Beas predicted the team from The Barracks could take home a handful of first-place finishes at the Chicago Golden Gloves later this year, assuming COVID-19 allows the event to be held, and David Ortiz said he anticipates as many as four of his fighters, including Jeremy, turning pro in the next several years.

As for the younger Ortiz, he says, “I definitely want to go professional” and David sees that move coming sometime while his son is still in his early 20s. For now, Jeremy has those Golden Gloves on the horizon, followed by some more national tournaments and then a reassessment of where a professional career can begin.

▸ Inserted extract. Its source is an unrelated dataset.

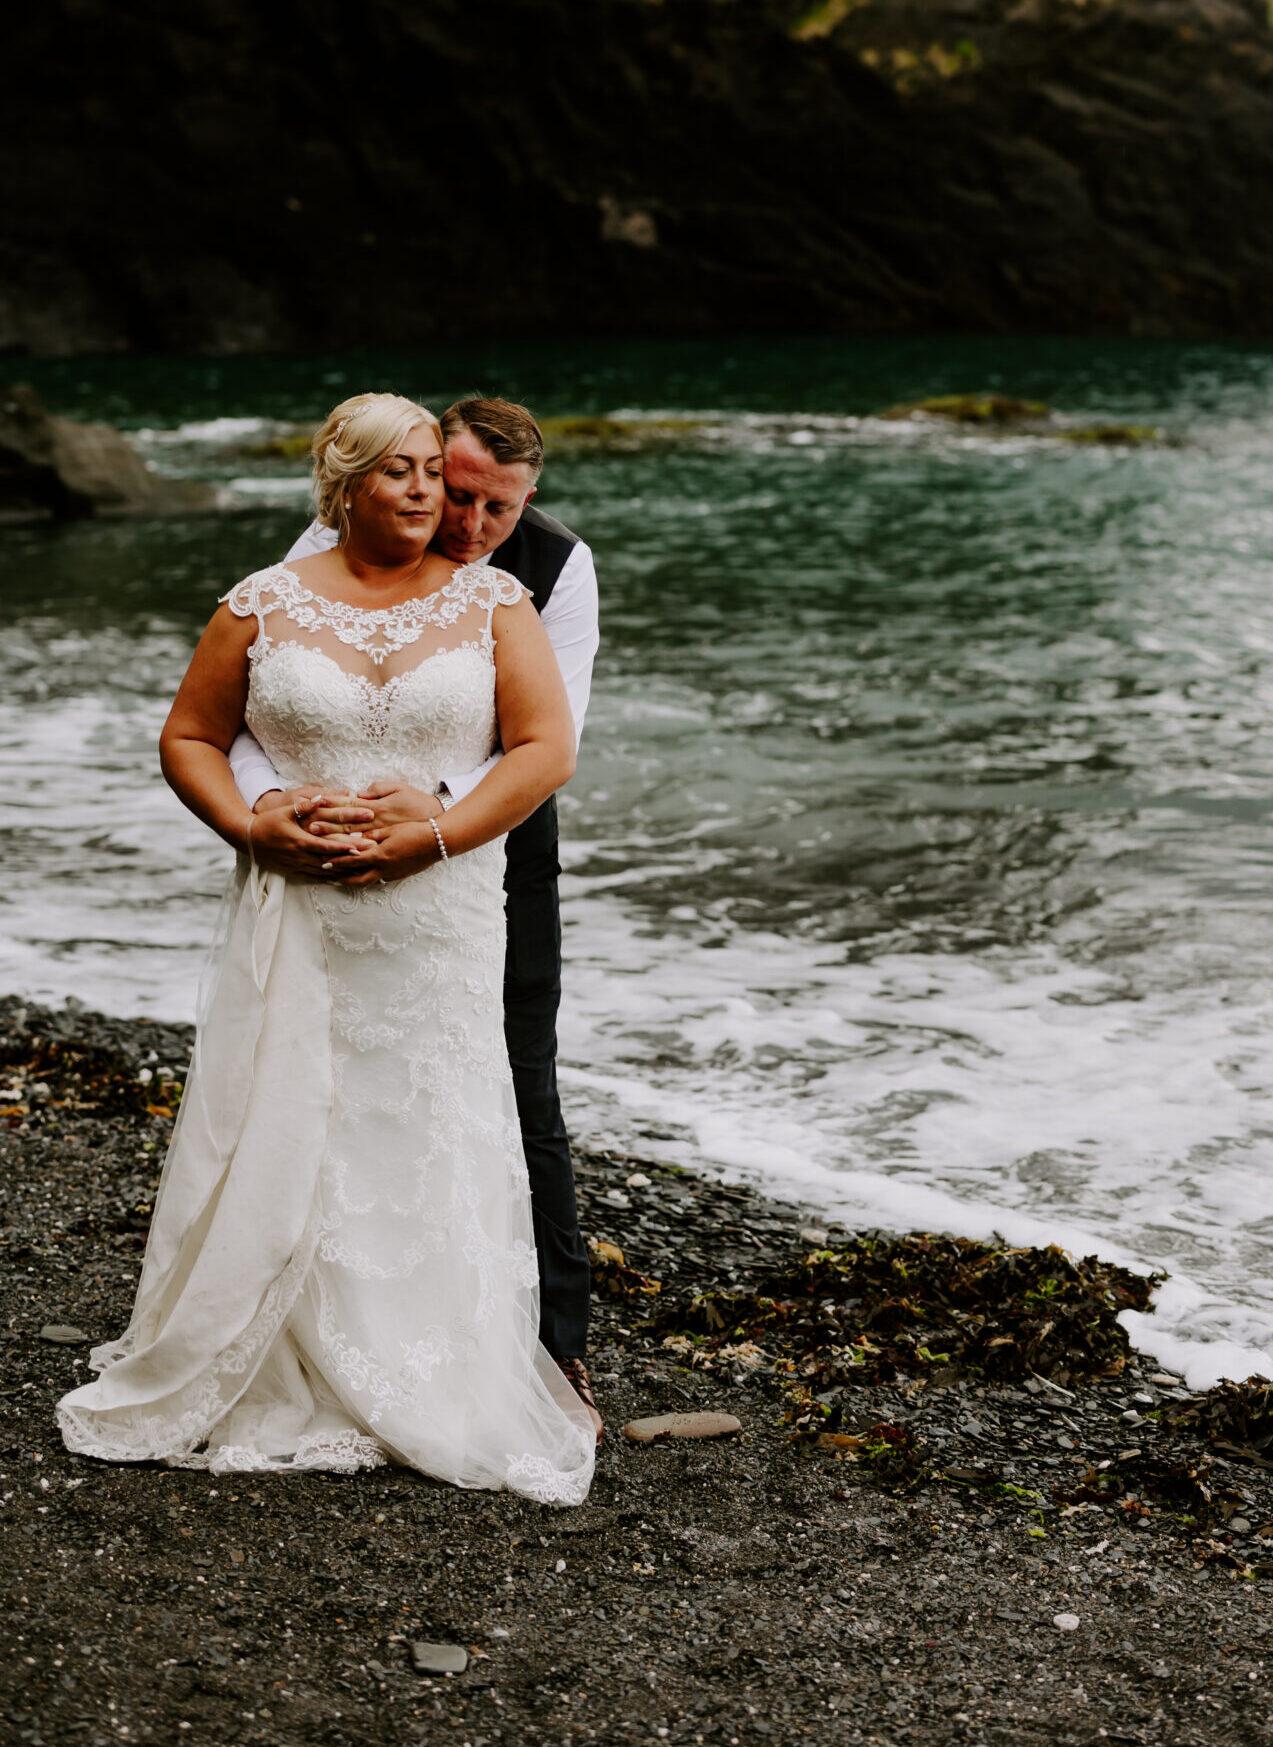 romantic beach image of bride and groom at Devon wedding

David said he is already working to get his son in front of influential managers and promoters, or get Jeremy invited to a camp held by a top professional boxer in need of training partners, something he said is a regular path to beginning a career where Jeremy can get paid to fight.

“This year, for him, is all about exposure. Notoriety,” David said. “Get him in front of the right people. [Jeremy] will be a professional real soon.”